RECORDED DATA =
• • • •

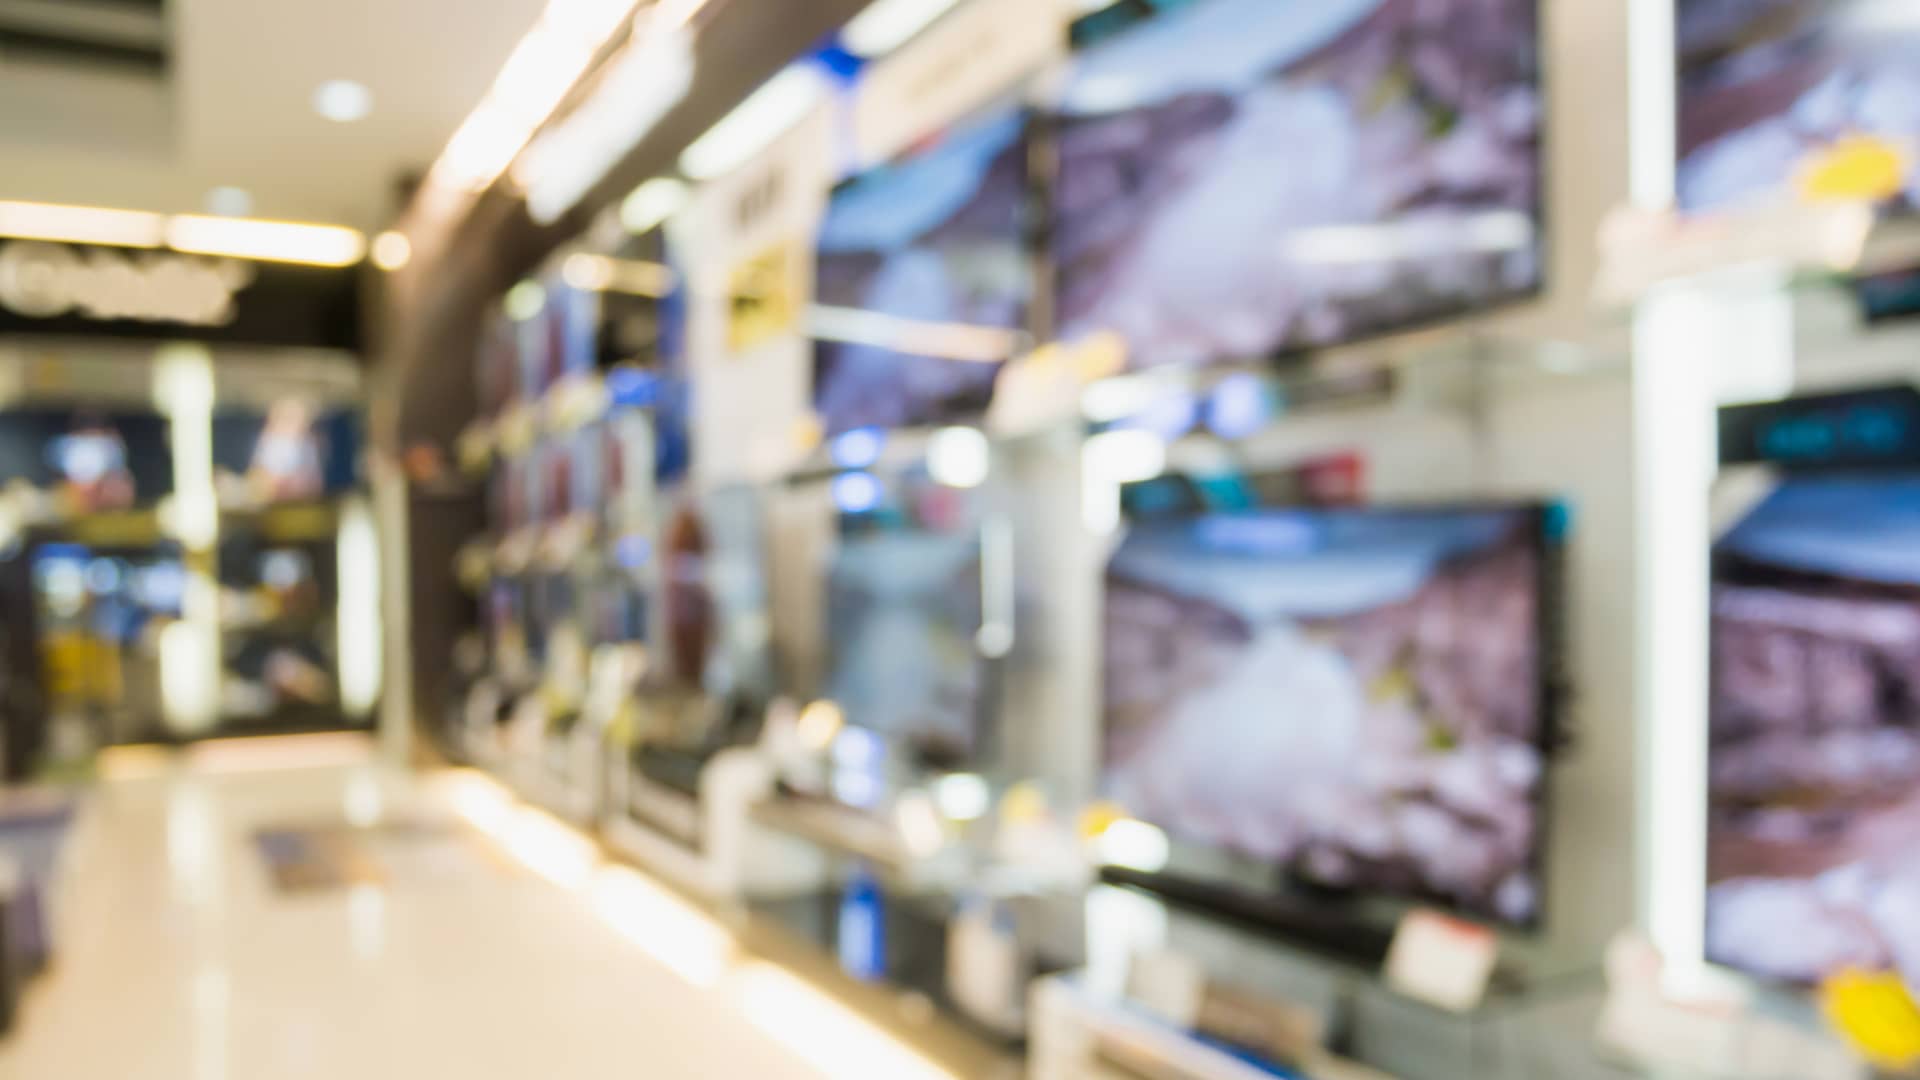 Televisores tipo smart tv a la venta como los que se pueden conseguir gracias a yoigo
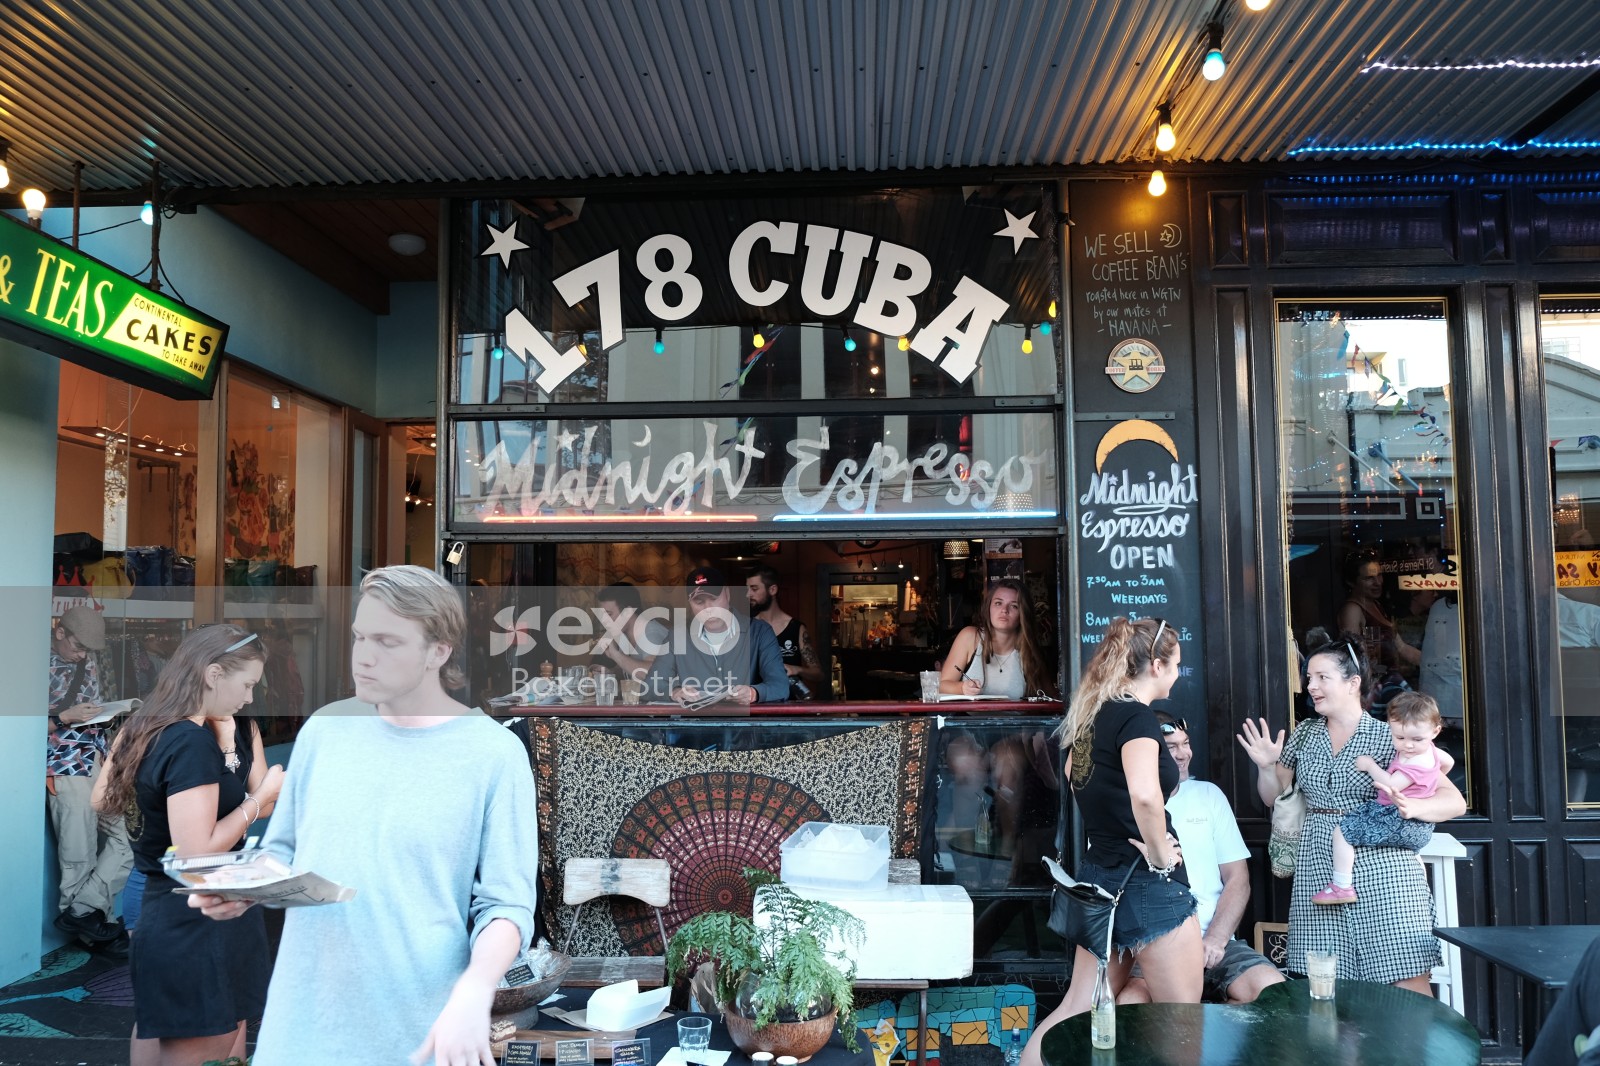 Cuba street eatery
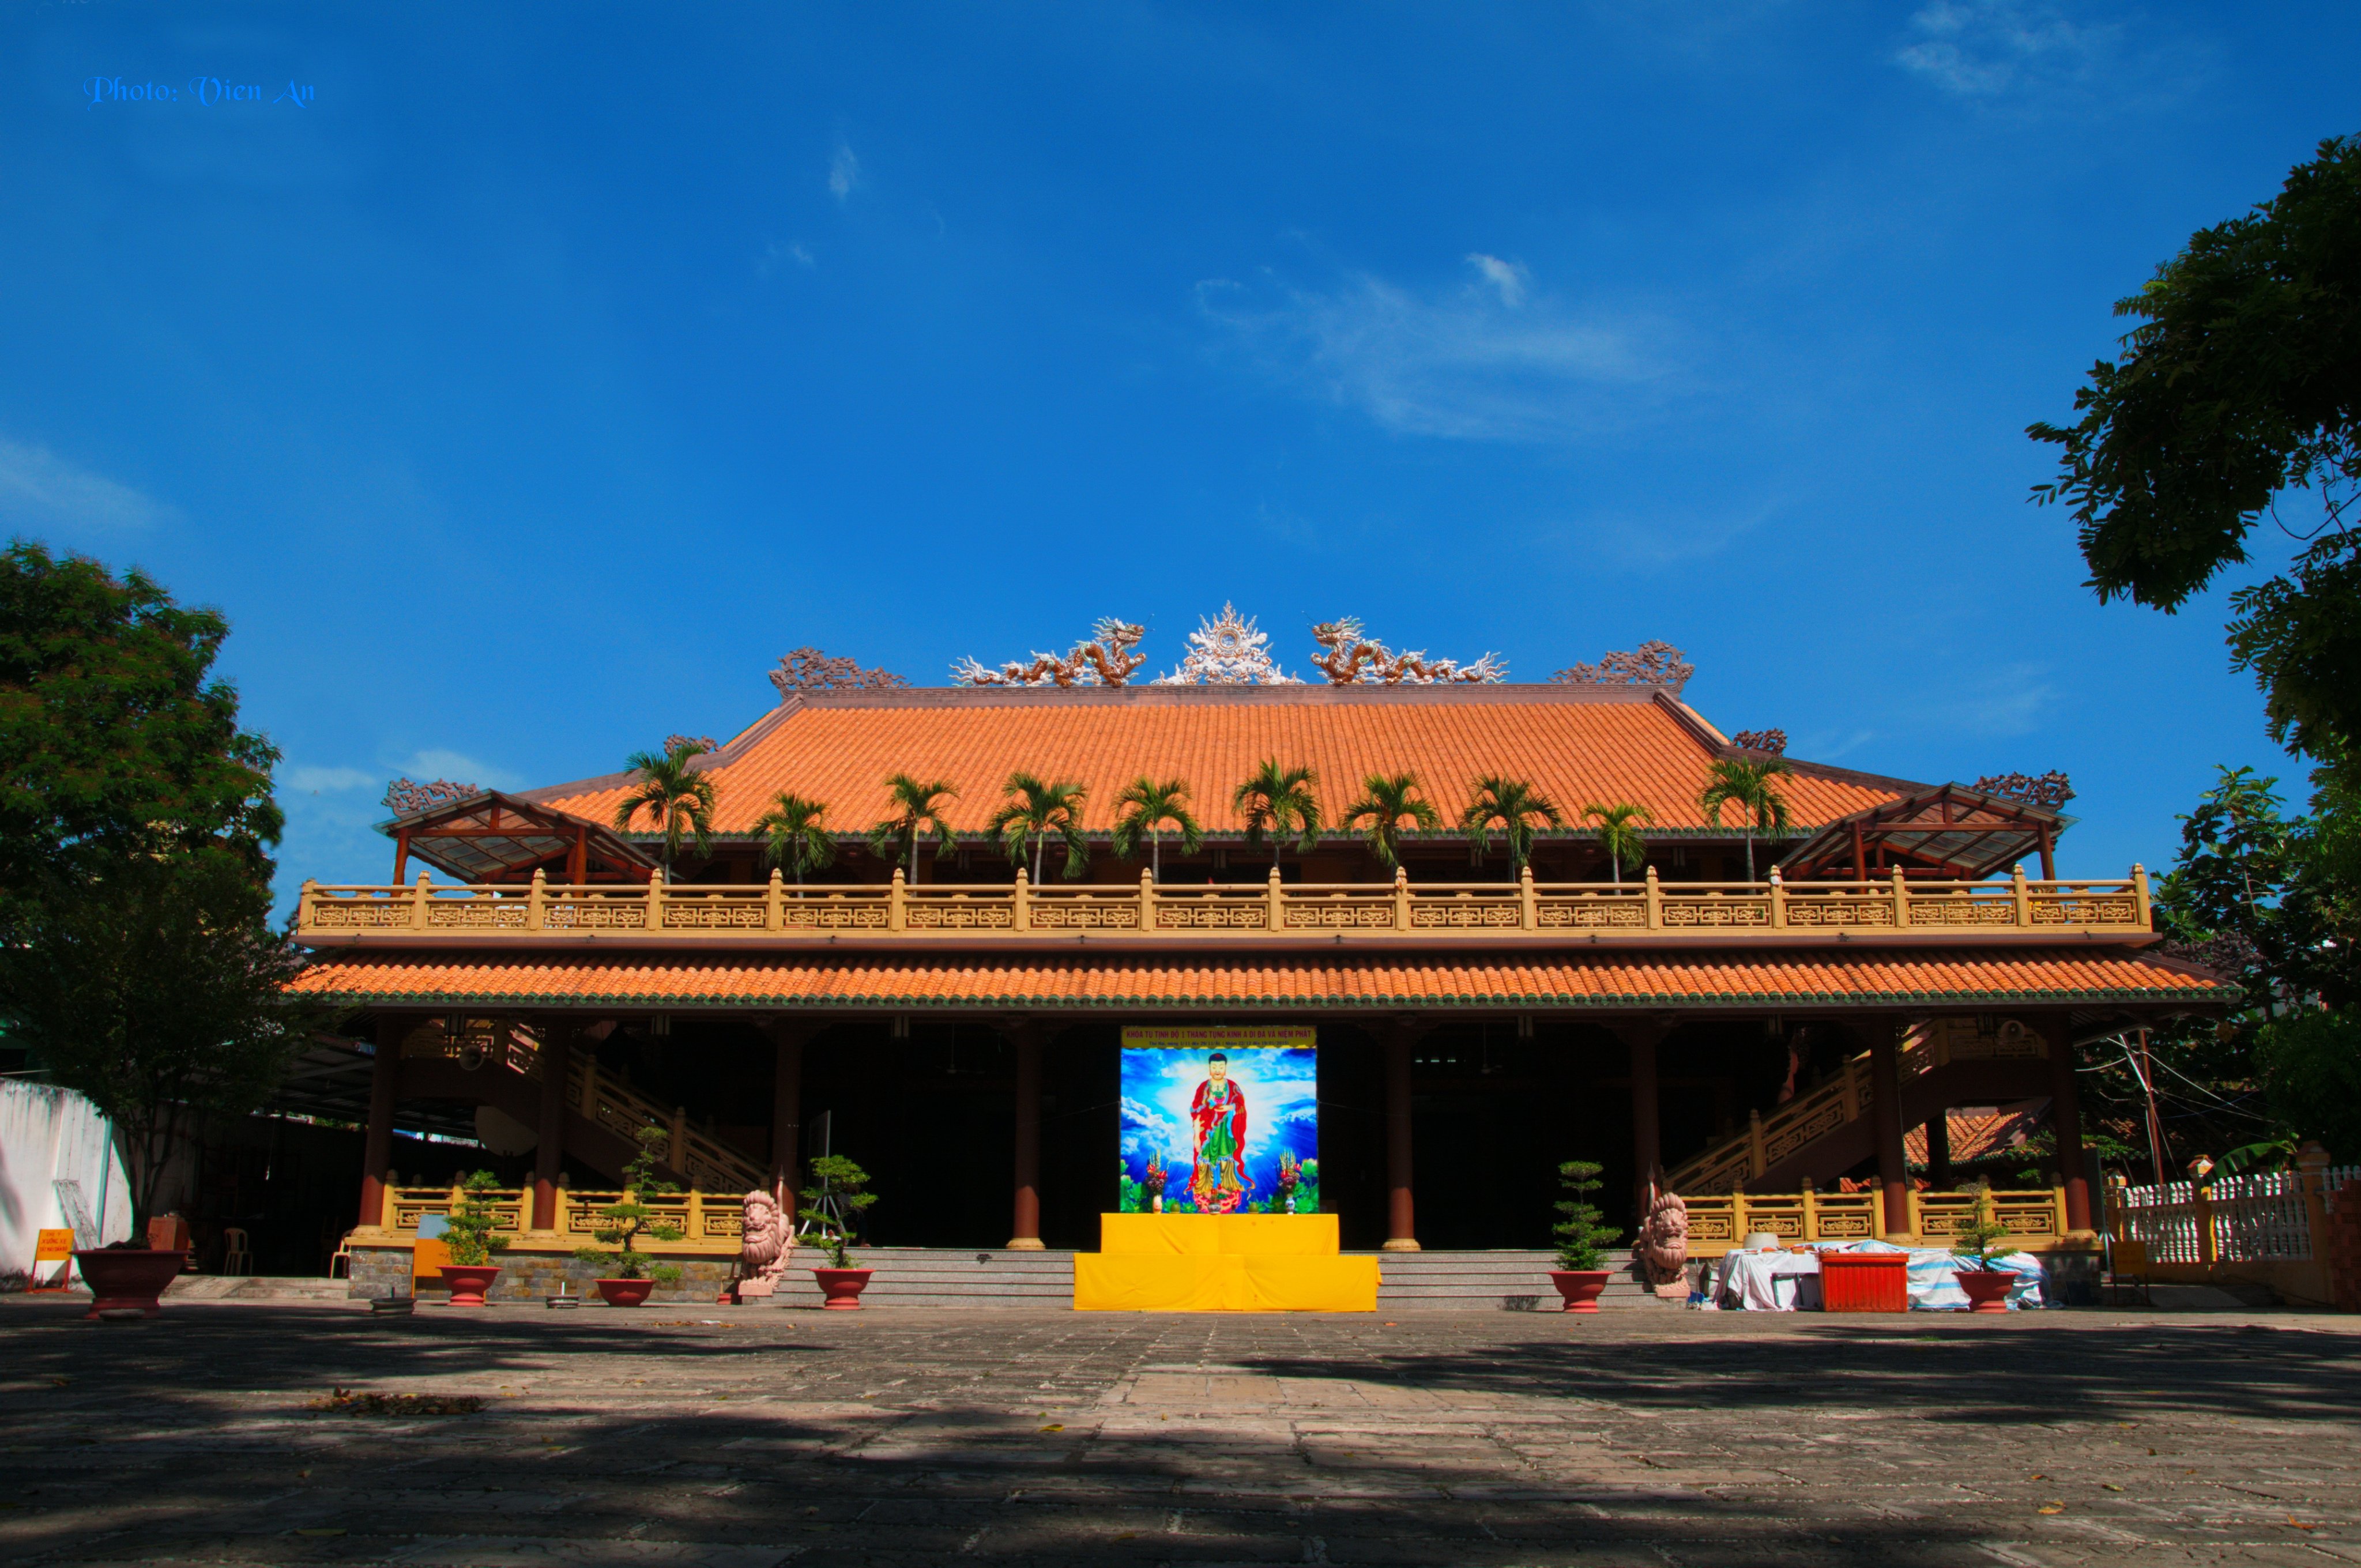 Khám phá chùa Giác Lâm - ngôi cổ tự trăm năm giữa lòng Sài Gòn - iVIVU.com
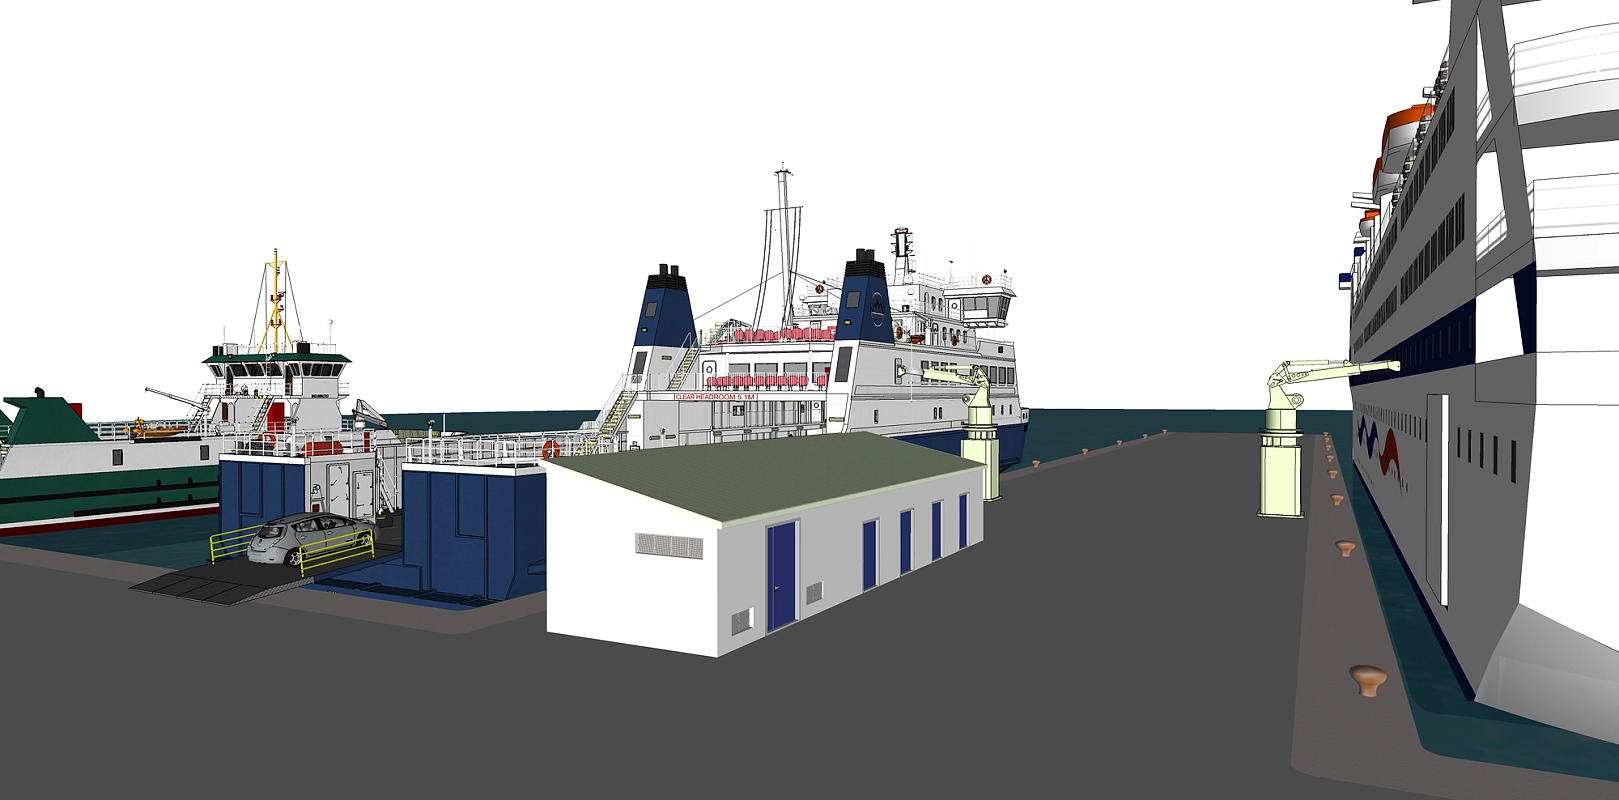 Bilde viser en 3D-tegning fra et havneområde som viser lading av større lastebåter og ferjer.

• • • •

WHAT IS EXPECTED =
Output all of the data above exactly; no pictures should appear.

YOUR RESPONSE =
 Televisores tipo smart tv a la venta como los que se pueden conseguir gracias a yoigo
 Cuba street eatery
 Khám phá chùa Giác Lâm - ngôi cổ tự trăm năm giữa lòng Sài Gòn - iVIVU.com
 Bilde viser en 3D-tegning fra et havneområde som viser lading av større lastebåter og ferjer.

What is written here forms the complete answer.